Comment 21 Eclipse Webmaster CLA 2011-03-04 09:56:39 EST
I've 're-started' the Gerrit plugin.

-M.
Comment 22 Matthias Sohn CLA 2011-03-05 17:19:40 EST
Thanks. 

Again it worked a couple of times and then stopped working. 

Talked to Robert again [1], looks like we are suffering from [2]. Robert suggested to deploy the latest nightly which has a bug fix for [2]. Could you install that from [3] ? 

[1] http://issues.jenkins-ci.org/browse/JENKINS-8913
[2] http://issues.jenkins-ci.org/browse/JENKINS-6965
[3] http://ci.jenkins-ci.org/job/plugins_gerrit-trigger-plugin/lastSuccessfulBuild/com.sonyericsson.hudson.plugins.gerrit$gerrit-trigger/
Comment 23 Denis Roy CLA 2011-03-07 09:48:12 EST
We don't typically run 'nightly'-quality code on eclipse.org servers.  Is this plugin not stable enough for production use?
Comment 24 Matthias Sohn CLA 2011-03-07 16:47:18 EST
We use this plugin at SAP very successfully in at least hundred build jobs, we don't face these connection problems there. Something seems to be different in the eclipse.org environment. According to Robert the mentioned patch [1] (setting keep-alive for ssh connection to 30 secs) fixed the problem for other users. 

Due to the Hudson / Jenkins fork there was no new release for a while. Robert is waiting for some more patches which are under way before he will create a new release. 

To our experience this plugin behaves well and is well maintained. We also tried the other gerrit plugin [2] and found that it provides much less functionality and that it puts a much higher load on hudson since it's polling gerrit for new changes whereas gerrit-trigger is listening on events sent by gerrit via a permanently kept open ssh connection. It looks like it's this connection which is facing the connection timeout problem described in [3]. Could you check the logs if there are similar log entries ?

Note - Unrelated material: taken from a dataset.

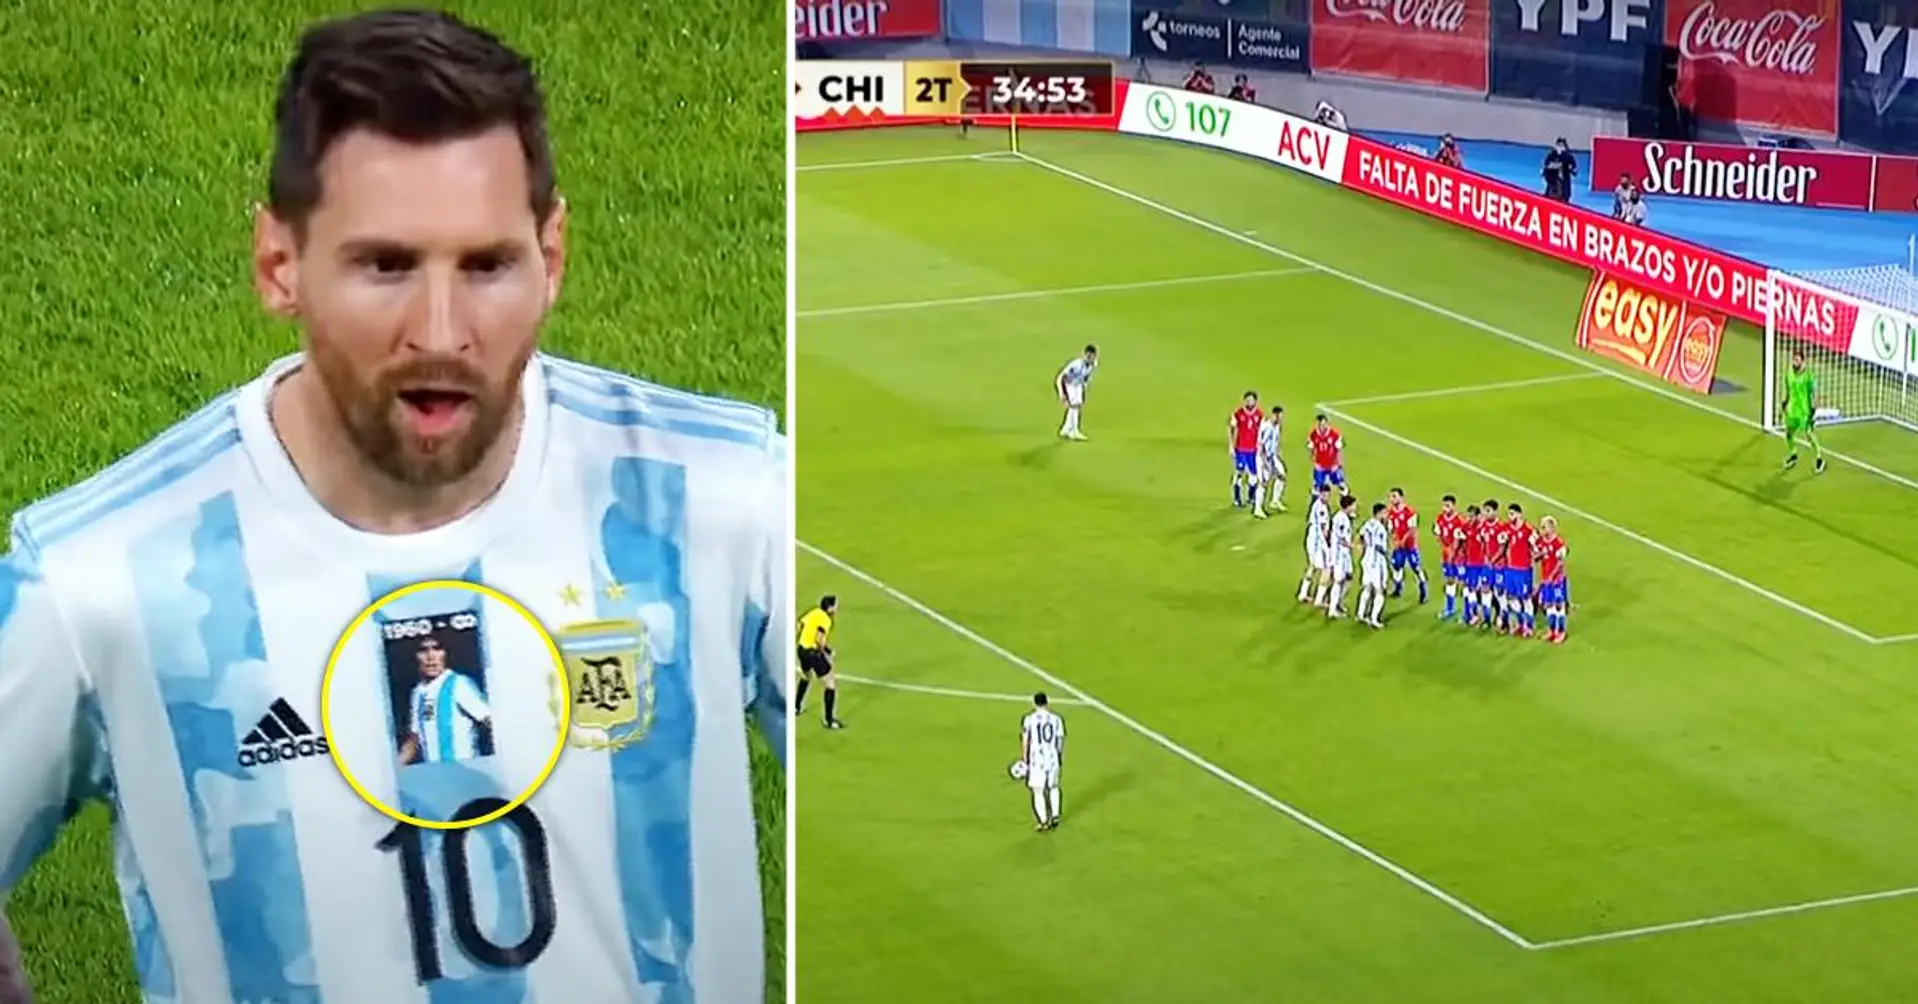 Lionel Messi "réalise une masterclass" contre le Chili avec le portrait de Diego Maradona sur son maillot

At SAP we recently switched to the same nightly and the patches we wanted had the promised effect. Could we agree on giving this nightly a try on sandbox hudson at least to verify if the contained patch fixes our problem ? Otherwise we'll wait until the next release of gerrit-trigger is available.

[1] https://github.com/jenkinsci/gerrit-trigger-plugin/commit/3640a2470d36df5b143489698583ec9b34757692
[2] http://wiki.jenkins-ci.org/display/JENKINS/Gerrit+Plugin
[3] http://issues.jenkins-ci.org/browse/JENKINS-6965
Comment 25 Denis Roy CLA 2011-03-07 16:59:09 EST
(In reply to comment #23)
> We don't typically run 'nightly'-quality code on eclipse.org servers.  Is this
> plugin not stable enough for production use?

Apologies -- I thought we were talking about a plugin that was running on the production Hudson instance.


> Could we agree on giving this nightly a try on sandbox
> hudson at least to verify if the contained patch fixes our problem ?

I discussed with Matt, and he agrees this is the way to go.
Comment 26 Matthias Sohn CLA 2011-03-08 09:39:00 EST
(In reply to comment #25)
> (In reply to comment #23)
> > We don't typically run 'nightly'-quality code on eclipse.org servers.  Is this
> > plugin not stable enough for production use?
> 
> Apologies -- I thought we were talking about a plugin that was running on the
> production Hudson instance.
> 
> 
> > Could we agree on giving this nightly a try on sandbox
> > hudson at least to verify if the contained patch fixes our problem ?
> 
> I discussed with Matt, and he agrees this is the way to go.

thanks, this helps. Let me know when the new version is deployed and just to be on the safe side also restart the connection to Gerrit after deploying the new version.
Comment 27 Eclipse Webmaster CLA 2011-03-08 13:34:12 EST
I've installed the snapshot plugin, restarted hudson and hit the gerrit restart button.  The connection test returns success.

-M.
Comment 28 Matthias Sohn CLA 2011-03-09 17:16:39 EST
Looks like the nightly brought the fix we needed.